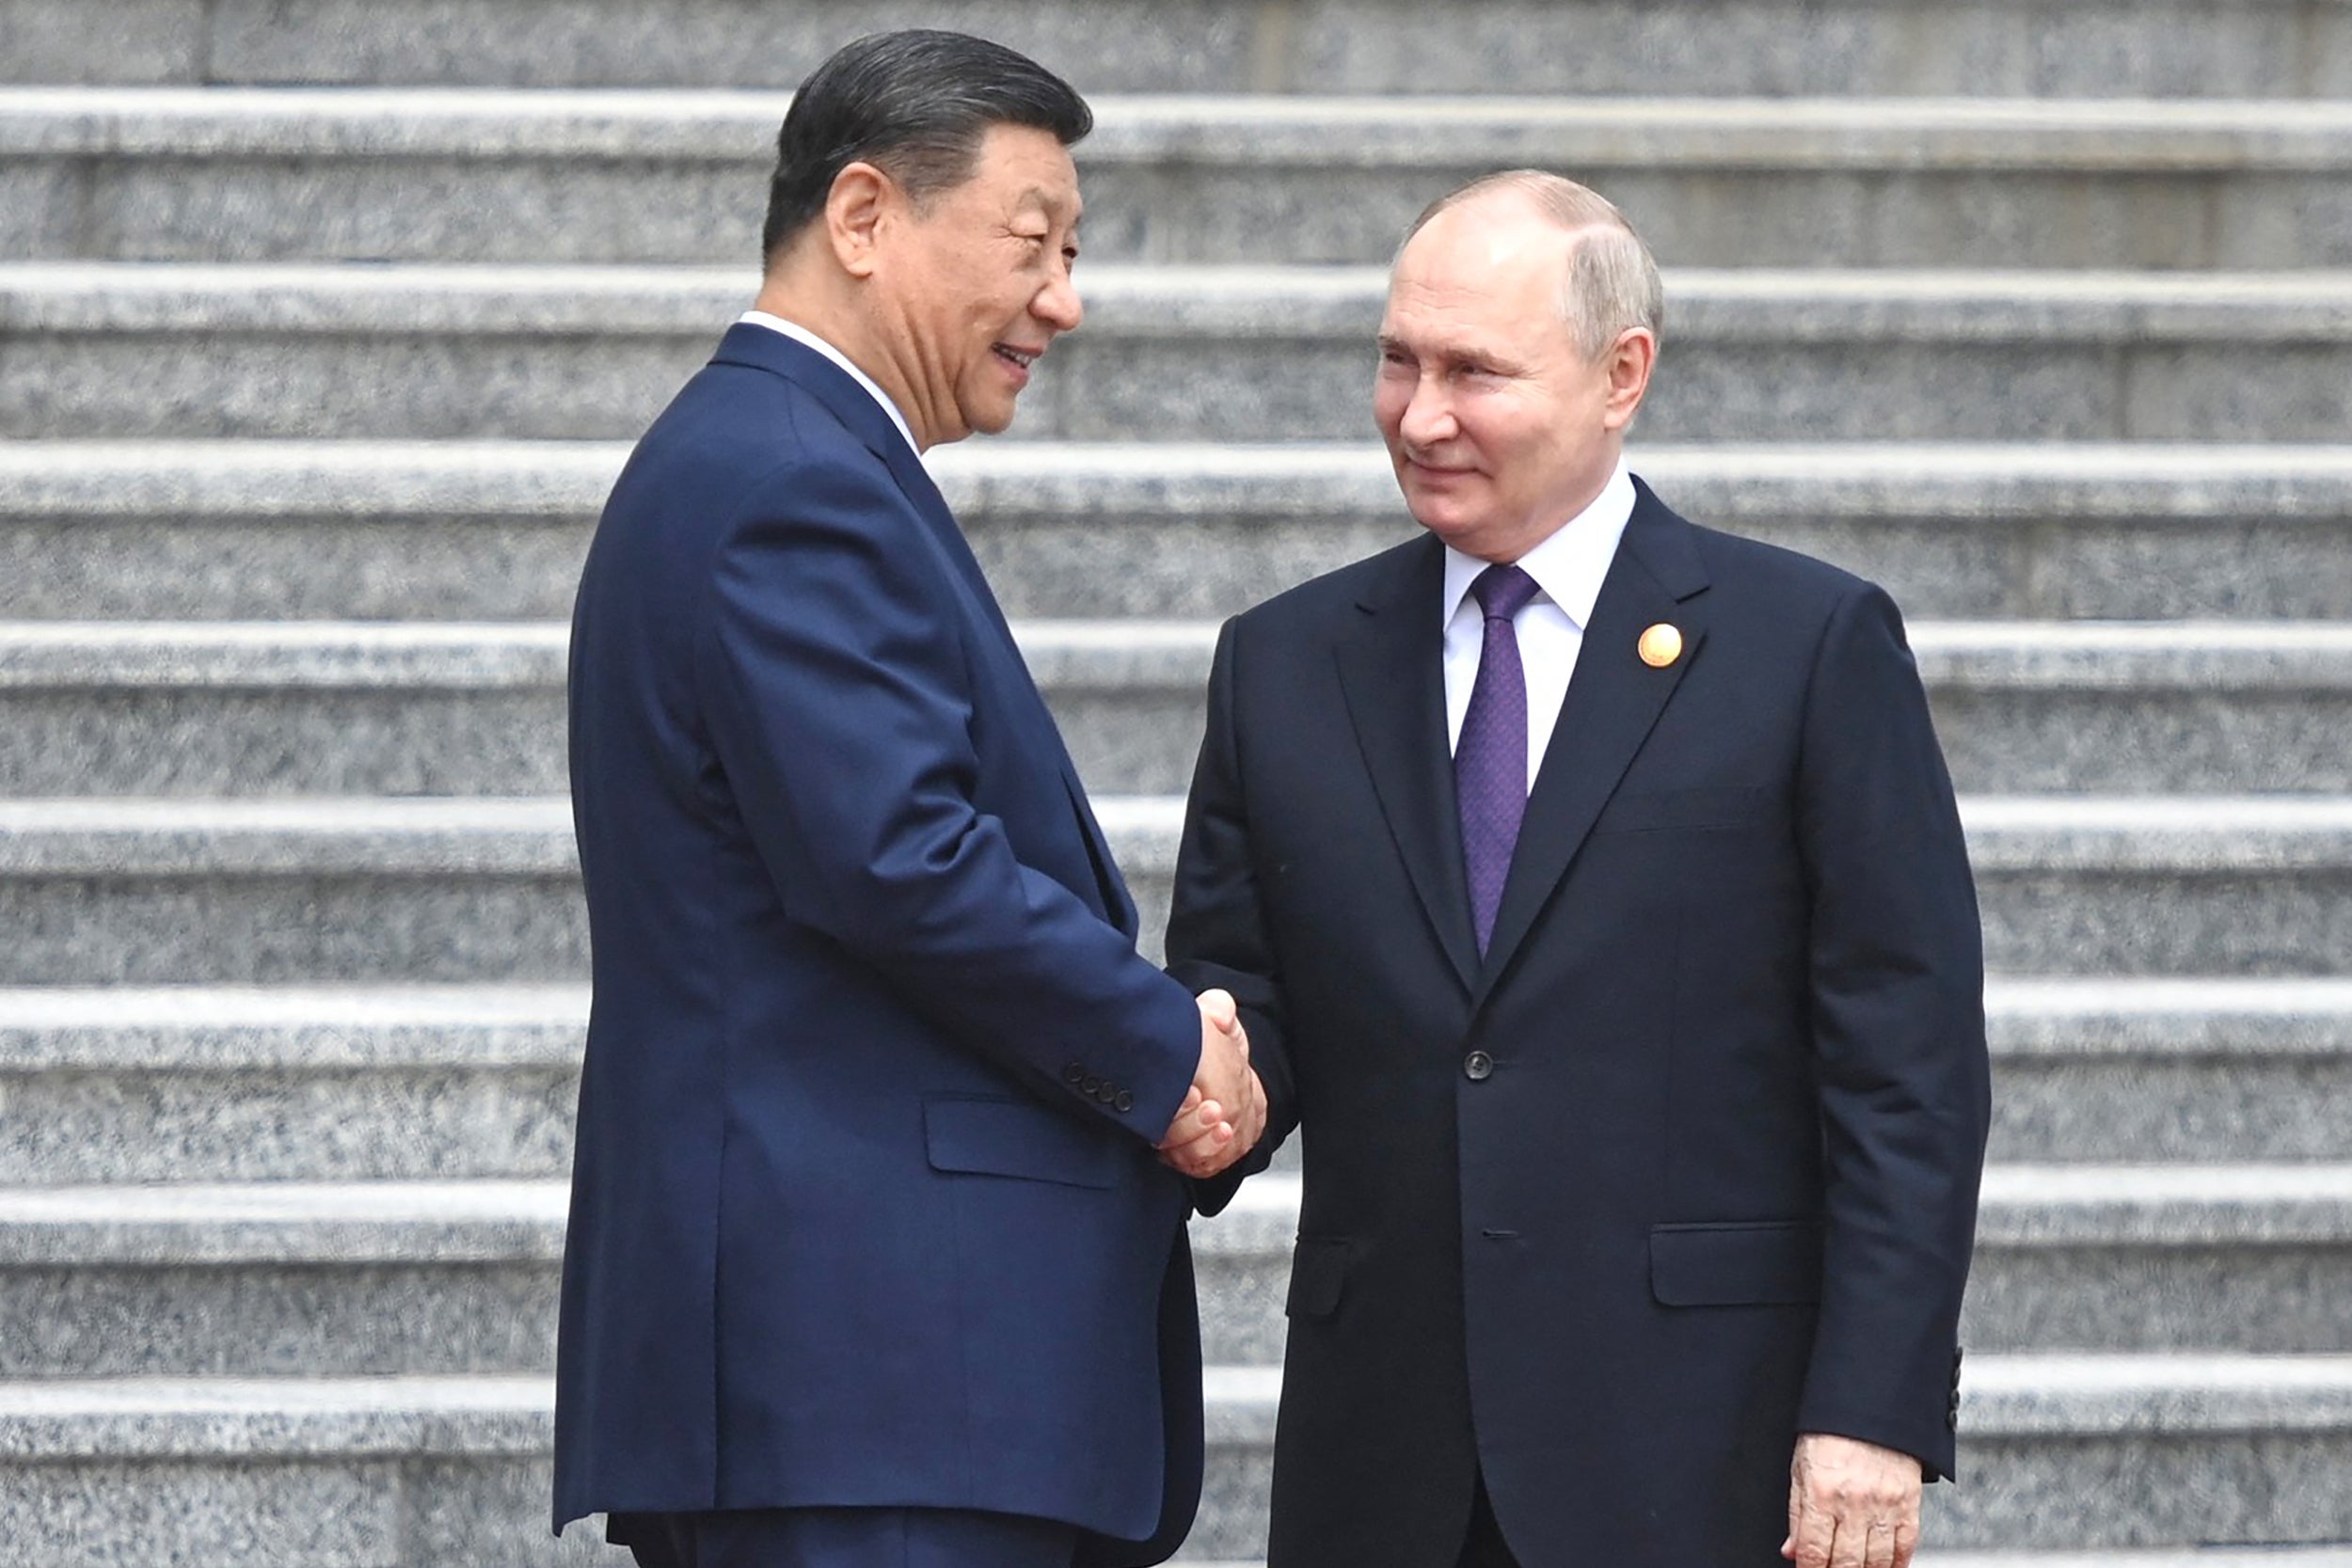 Vladimir Putin (R) and China's President Xi Jinping shake hands during an official welcoming ceremony in front of the Great Hall of the People in Tiananmen Square in Beijing
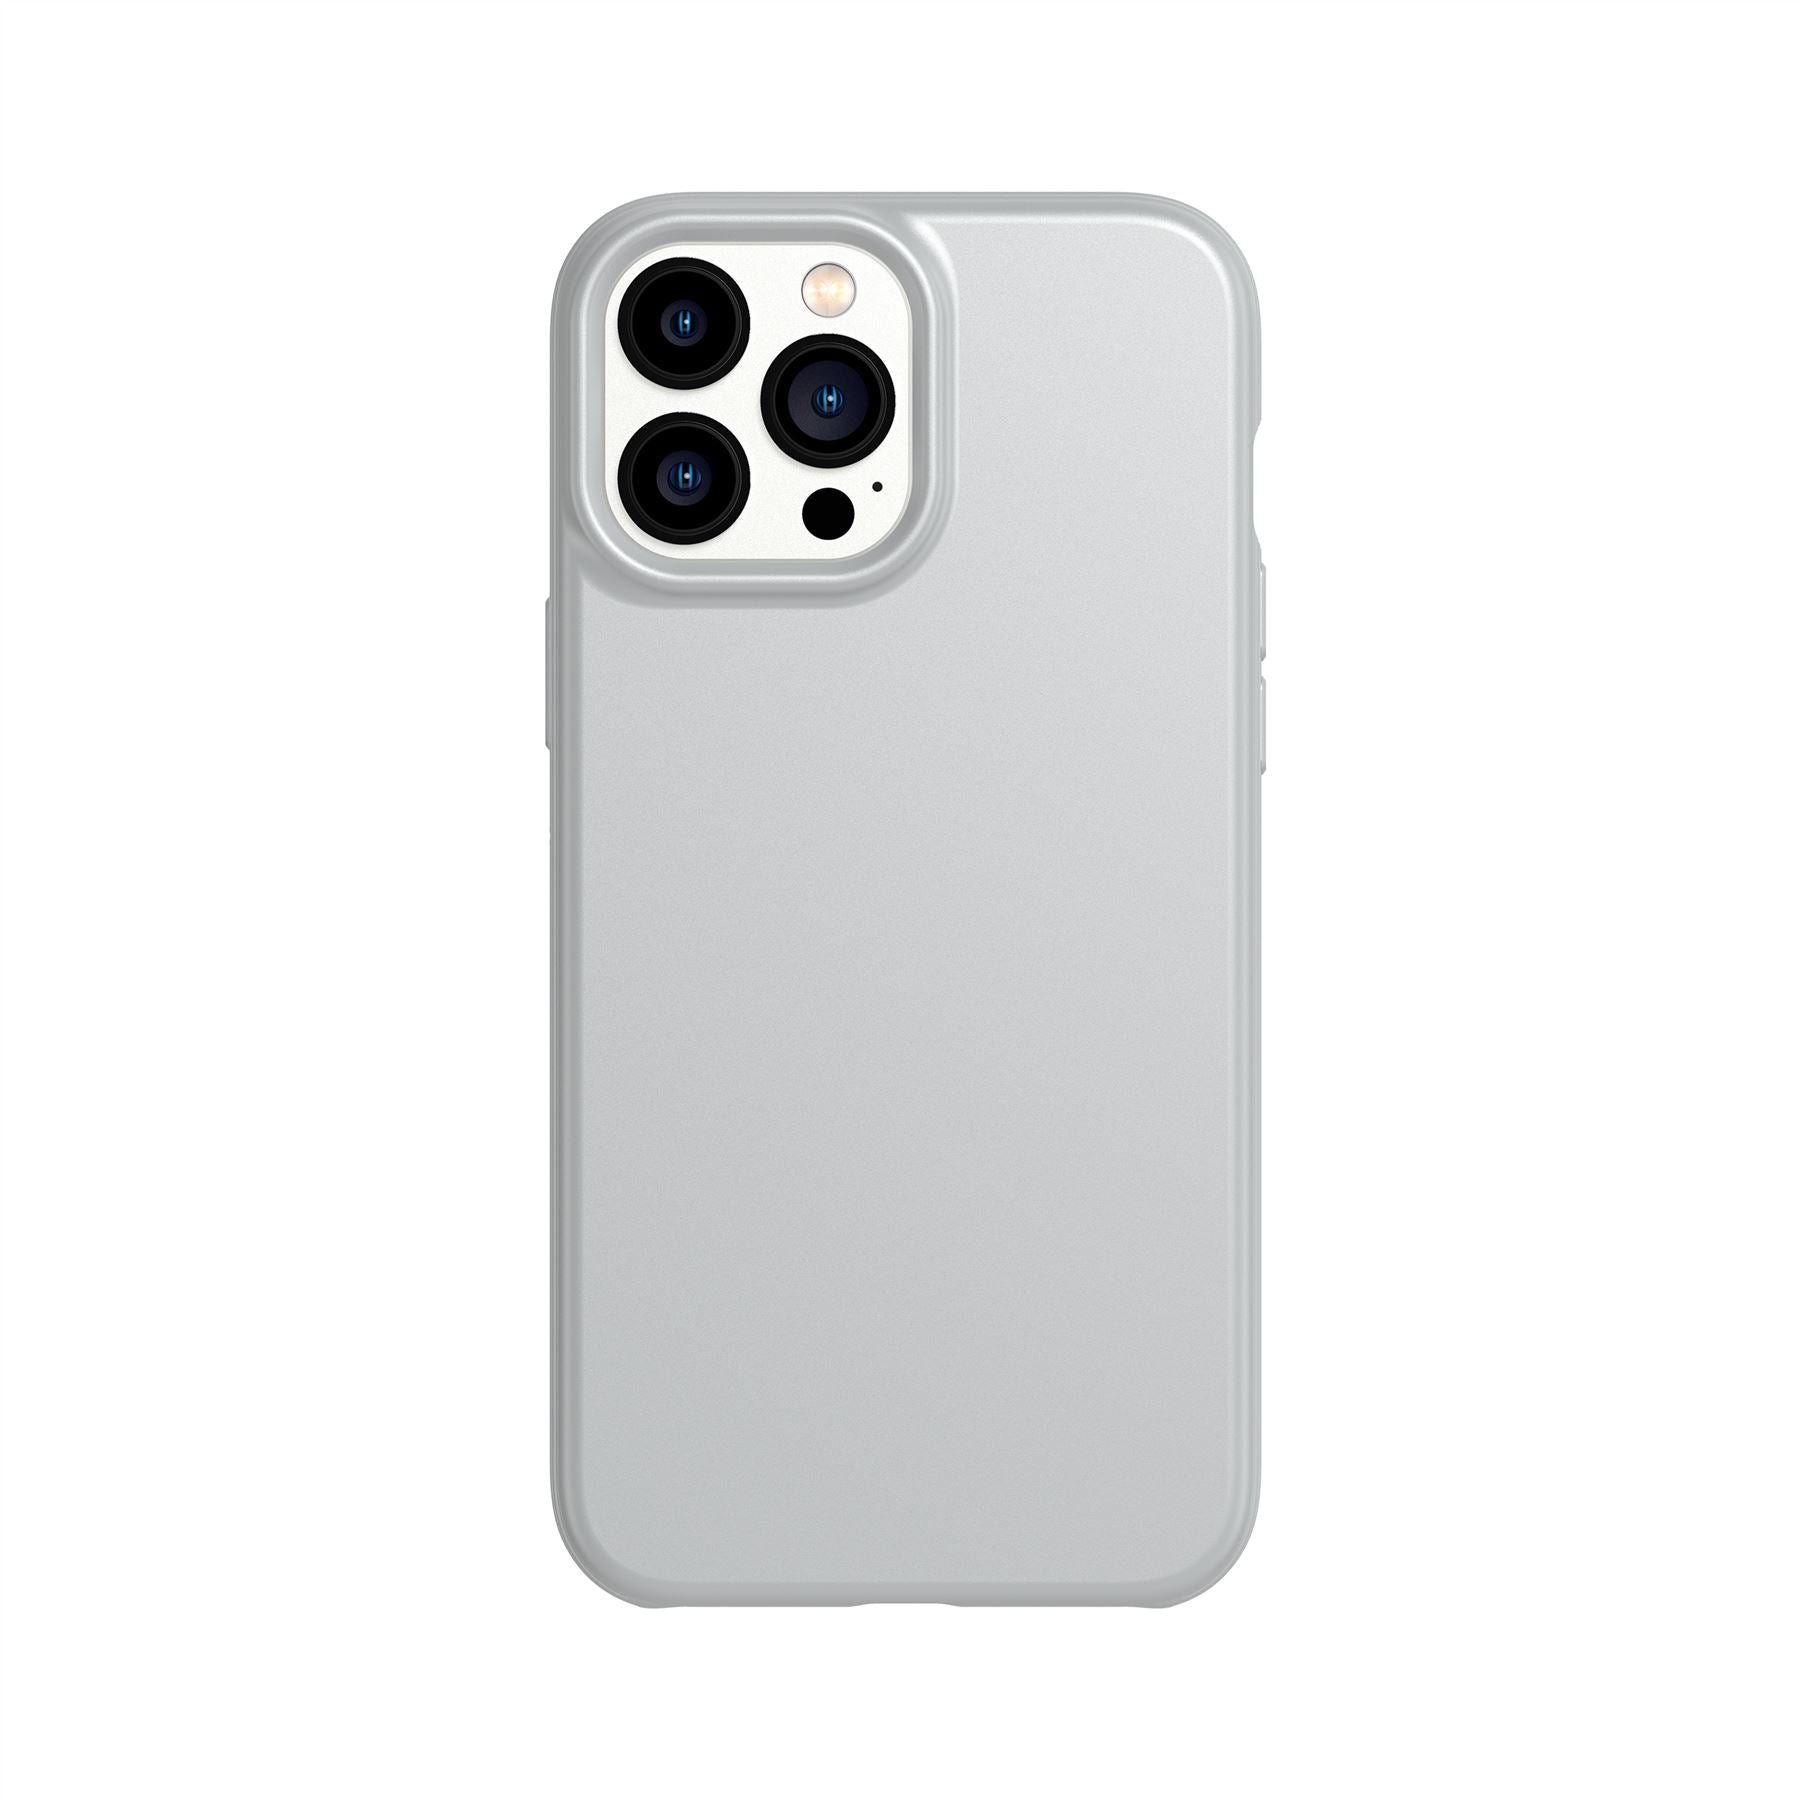 CRYSTAL-X for iPhone 11/Pro/Max, Scratch-resistant
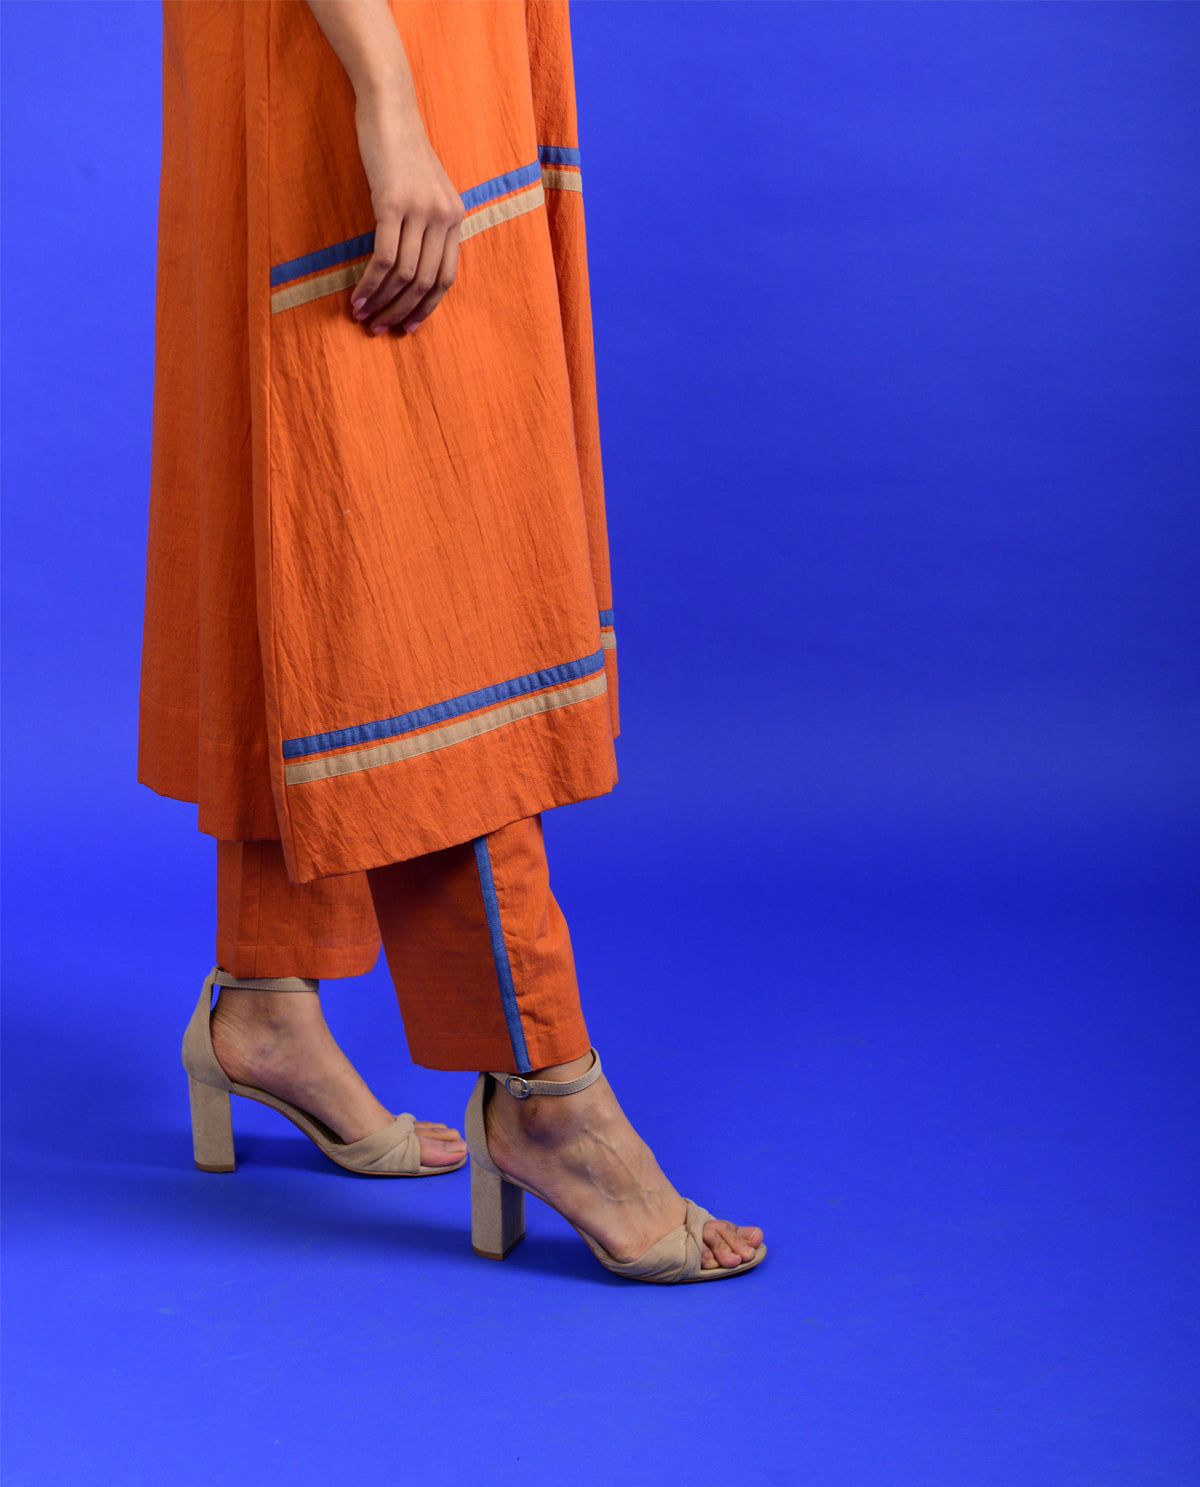 Orange Cotton Co-ord Set at Kamakhyaa by Rias Jaipur. This item is Casual Wear, Co-ord Sets, Handloom Cotton, Handspun, Handwoven, Hue, Orange, Regular Fit, Stripes, Travel, Travel Co-ords, Womenswear

_Problem statement_:
Reproduce the listing word for word, but keep the pictures out of it.

_Result_:
 Vladimir Putin (R) and China's President Xi Jinping shake hands during an official welcoming ceremony in front of the Great Hall of the People in Tiananmen Square in Beijing
 CRYSTAL-X for iPhone 11/Pro/Max, Scratch-resistant
 Orange Cotton Co-ord Set at Kamakhyaa by Rias Jaipur. This item is Casual Wear, Co-ord Sets, Handloom Cotton, Handspun, Handwoven, Hue, Orange, Regular Fit, Stripes, Travel, Travel Co-ords, Womenswear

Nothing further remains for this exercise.